Jameela Siddiqi is a London-based British novelist and journalist. She is a broadcaster, linguist and specialist in Indian classical music and poetry. Siddiqi is the author of post-colonial fiction dealing with themes of expulsion, migration identity and exile. She is also known for her work in the devotional music of Hindus, Muslims and Sikhs.

== Early life ==
Siddiqi was born to Indian parents in Mombasa, Kenya with the family moving to Kampala, Uganda in 1957 where she attended the Aga Khan School. At Independence from Britain in 1962, her family became Ugandan citizens and in 1967 moved to Jinja where she completed her secondary schooling at the Muljibhai Madhvani Girls' School.

She was an undergraduate at Kampala's Makerere University, reading history and political science, when the military dictator Idi Amin expelled all Indians from the country in 1972. She arrived in Britain as a refugee, and completed her studies at the London School of Economics and Political Science.

She was president of London University's Student Union Council for Canterbury Hall (1973–74) and a cultural officer of the Asian Students' Society (1974–75).
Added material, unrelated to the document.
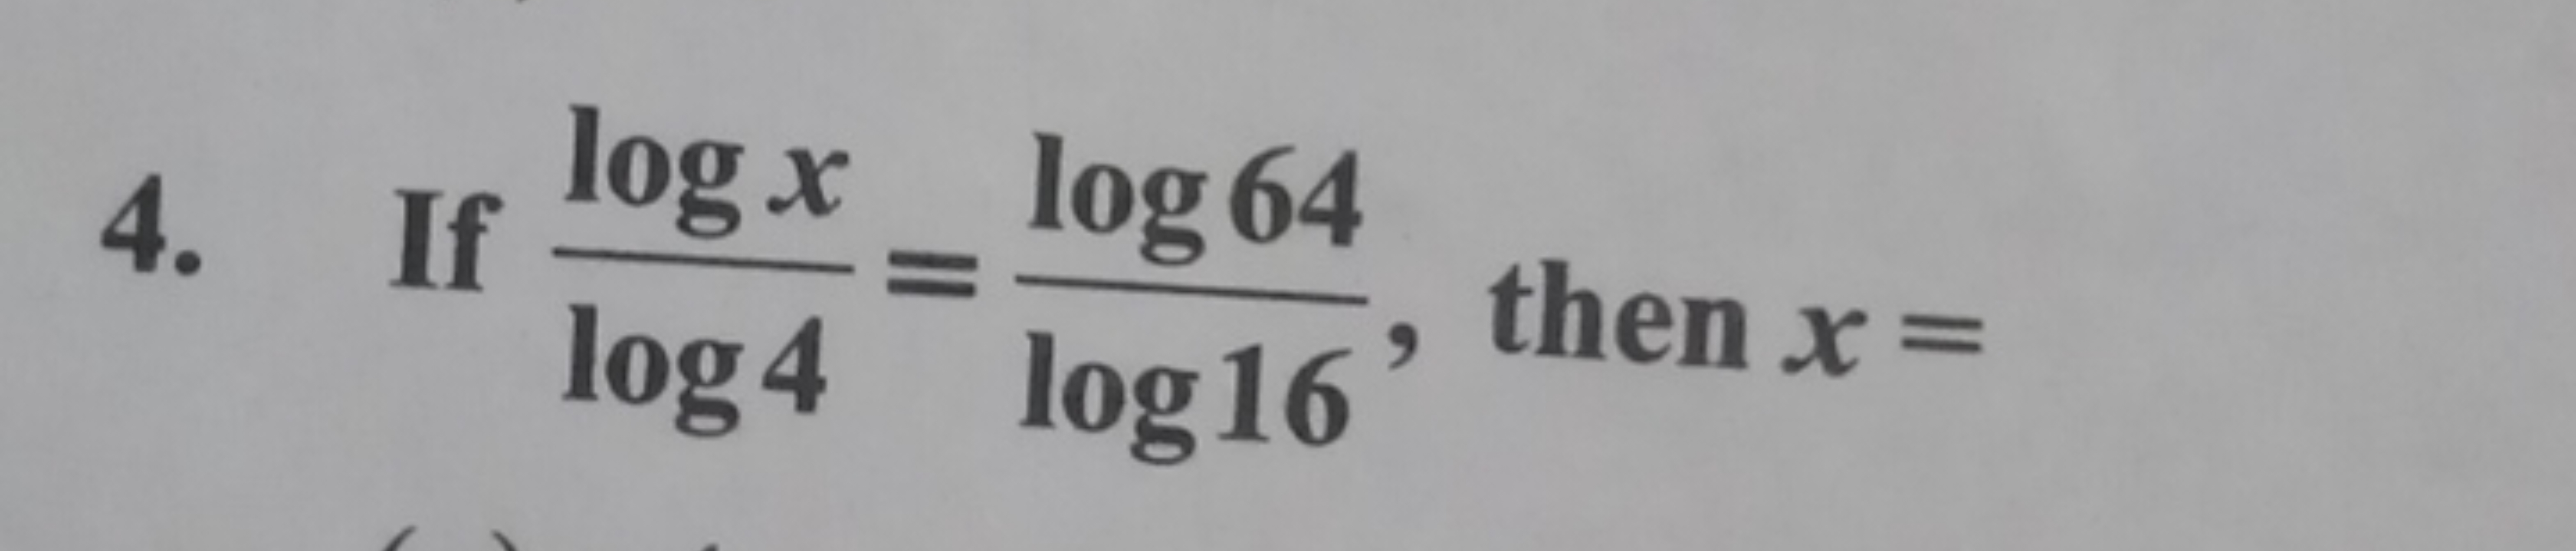 4. If log4logx​=log16log64​, then x=

She worked part-time on a number of television drama productions while a student.

== Work ==
Siddiqi worked as a scriptwriter, foreign news editor and documentary producer for ITN's Foreign News Agency, United Press International Television News, which became APTN. She became a freelance television producer and broadcaster in 1986 with assignments for many US networks as well as British TV companies including ITN and Channel Four News. She was a radio presenter for several BBC Radio programs, and contributed to many radio broadcasts on BBC Radio 3, Radio 4 and World Service. She was presented with a Sony Gold Award in 1998 for her BBC Radio series "Songs of the Sufi Mystics". She interviewed the qawwali maestro Ustad Nusrat Fateh Ali Khan shortly before his death in 1997. She also worked as a documentary producer for Government, Corporate and UN international agencies.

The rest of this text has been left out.